Facebook Is A Weird Form Of Our Sh*tty Autobiographies

By

I’m tired of looking at Facebook. Why do I do it? I basically never post anything out of fear that I’ll appear vain. Or out of fear of actually being vain. I can’t think of a single reason to post anything that isn’t ‘I want to impress people with some aspect of my life’.

Do I want to use my Facebook wall to communicate and connect with people I’m ‘friends’ with? Nope. Absolutely not. Doesn’t make any sense to. ‘Posting’ something is an inherently one sided conversation. I don’t stand at the front of a room and yell out how my day was to everyone. That’s not how you talk to other people. Social media is fucking weird.

So why am I on it? Why why why why? I’m drawn to staring at profiles of the people who are the most self-obsessed. Who are trying the hardest. It’s so shameless–how do they do it? Why are they so impressed with themselves? Are they actually impressed with themselves?

I dislike them, I’m repulsed by them, and I can’t look away. I’m obsessed with their self-obsession.
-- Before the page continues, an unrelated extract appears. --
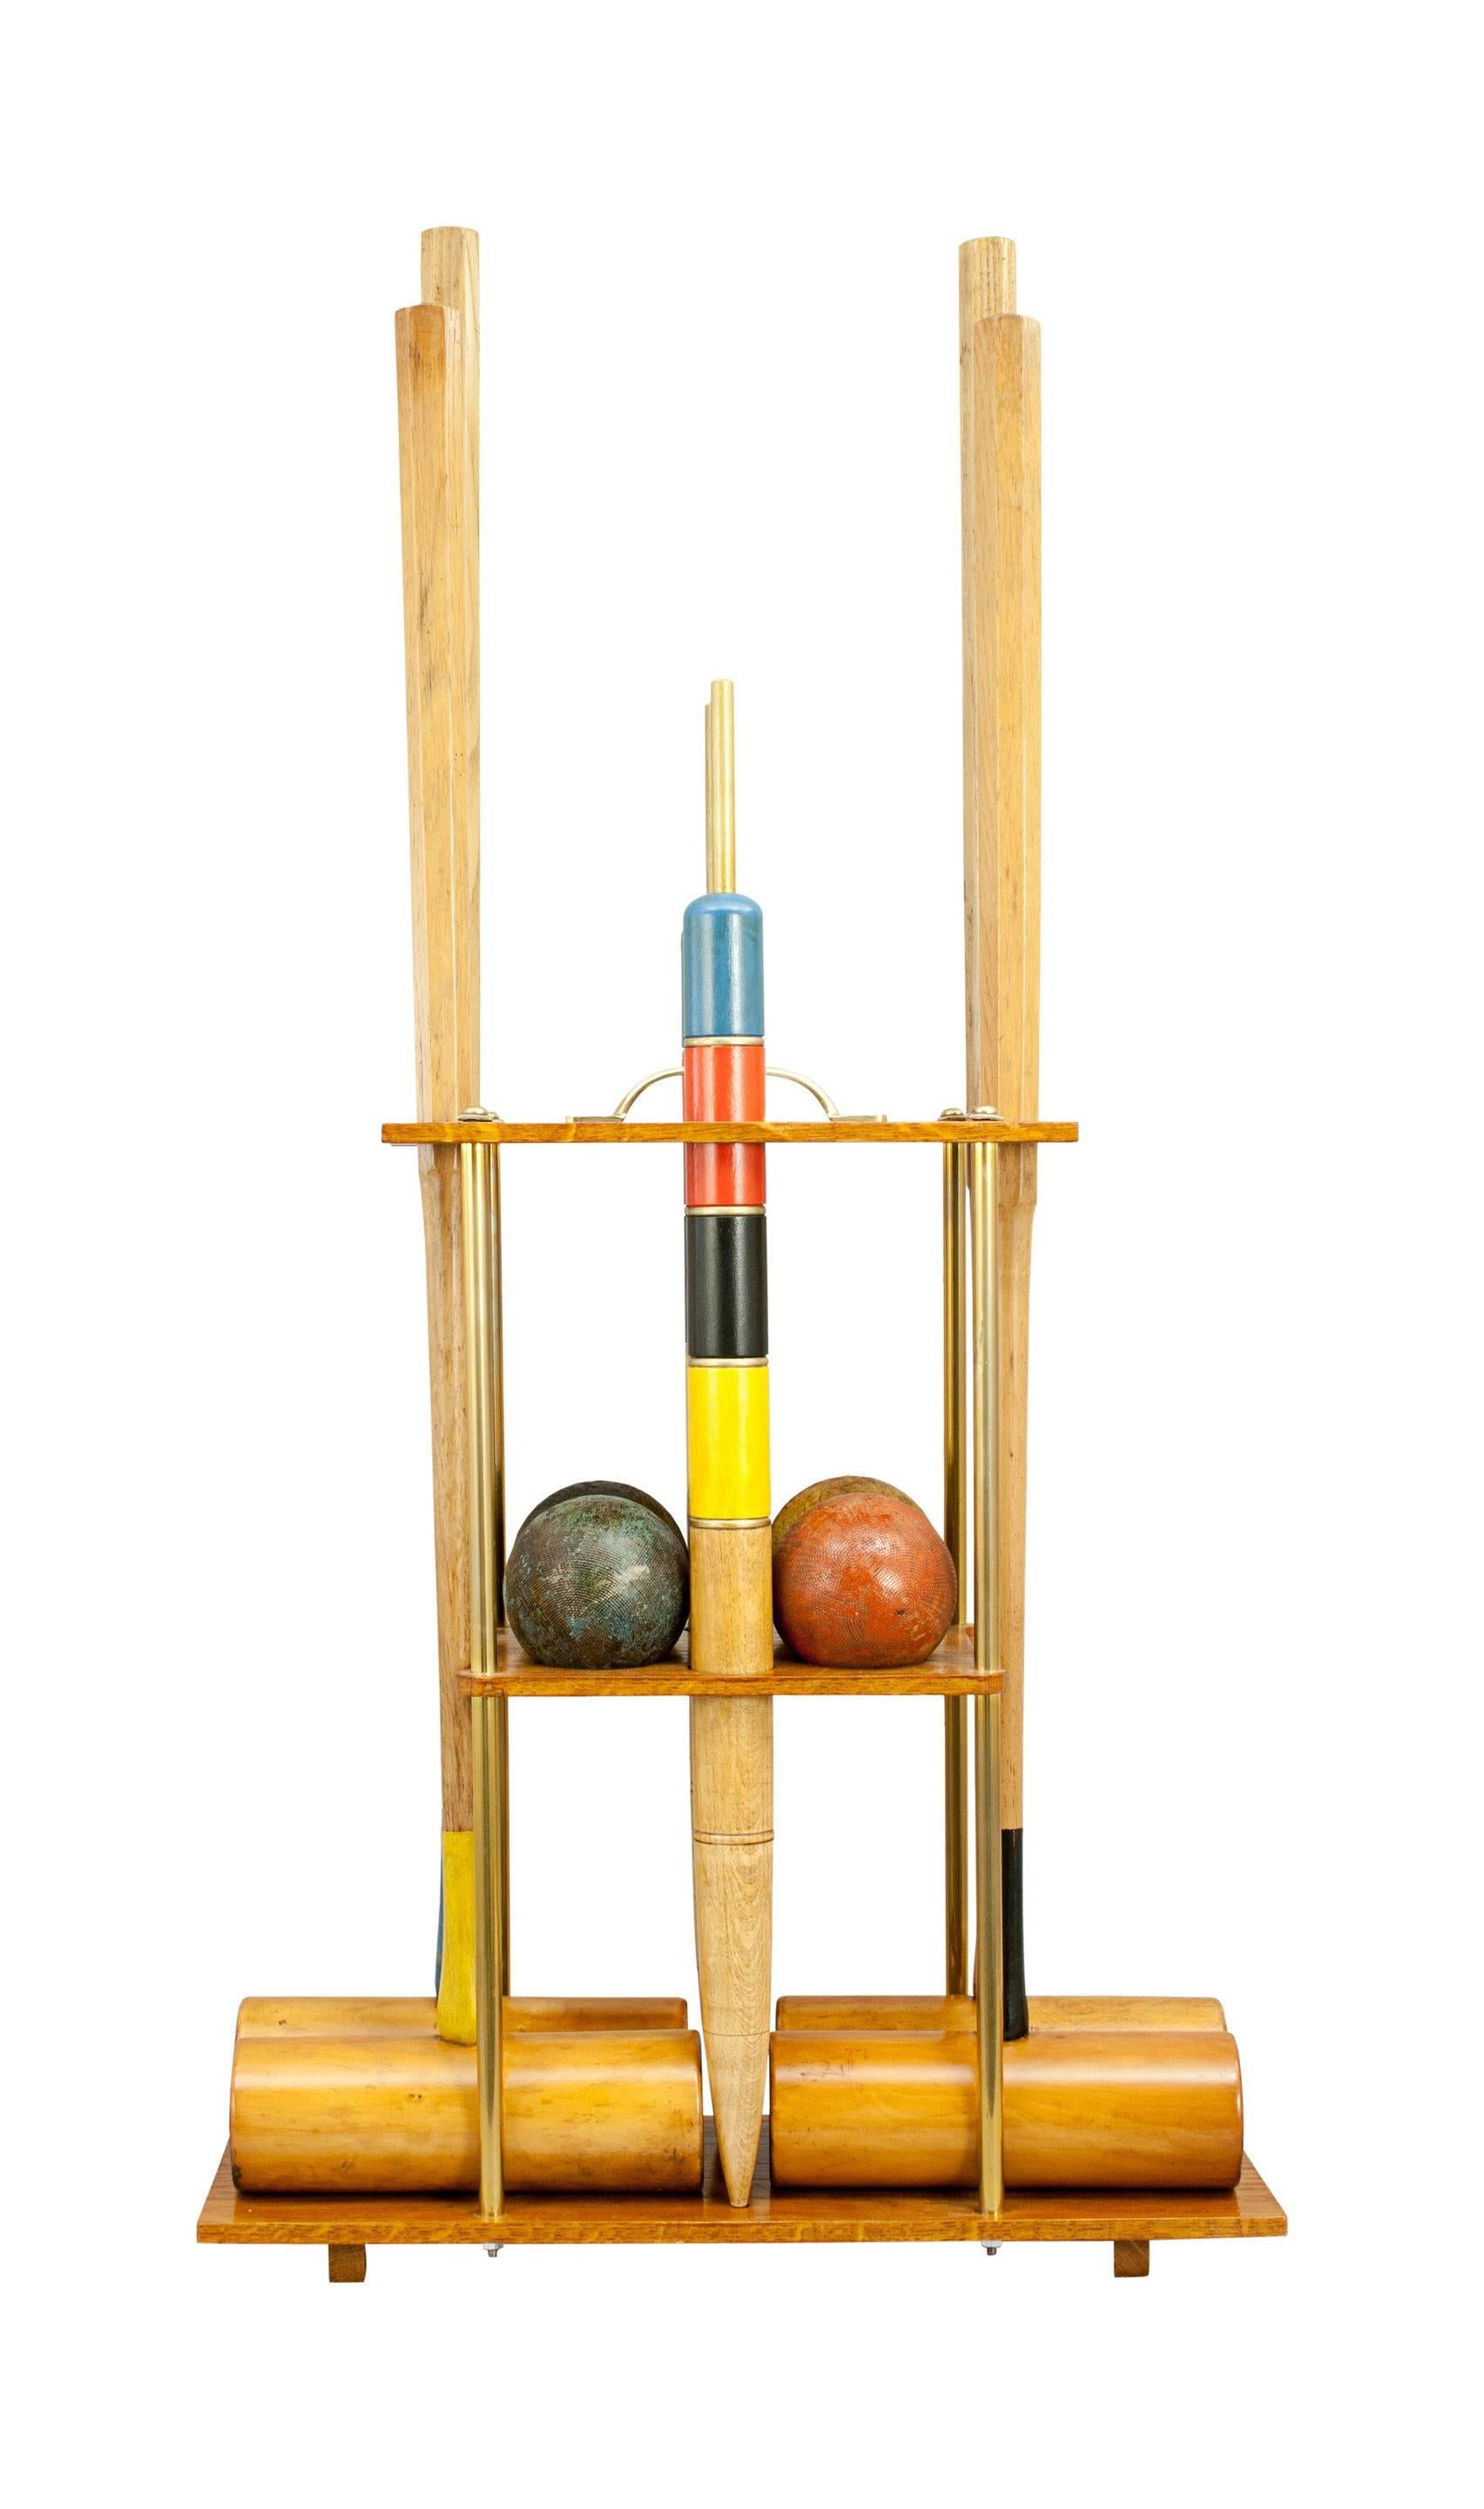 Vintage F.H. Ayres Croquet Set.
A high quality F.H. Ayres croquet set on a new oak carry stand. The set is with four boxwood croquet mallets. All mallets are with octagonal ash handles and marked 'F.H.Ayres'. To complete the set there are four

They are an exaggerated form of what every single person is on social media.

So many people’s lives boil down to this self-conscious presentation of who they are, and online it’s so painfully, horrifically evident. How boring are we. How sad. How fragile. We spend so much of our time, maybe all of it, trying to gain peoples shallow approval, and our own approval, by looking attractive, fun, adventurous. By making sure we look like we’re doing life right.

When we do something cool, we have to make sure to record it because that’s what it’s ABOUT. Is your sky diving trip about the experience, or is it about telling people about the experience? I went skydiving so that afterwards, I could tell people about it! If you react by implying that I must be living life to the fullest, I will feel good about myself and how I spend my time. And I need that.

Well, I don’t want to need that. I don’t want to fall into this trap that I see so many people ensnared in. Please, please, I want to figure out a better way to like myself.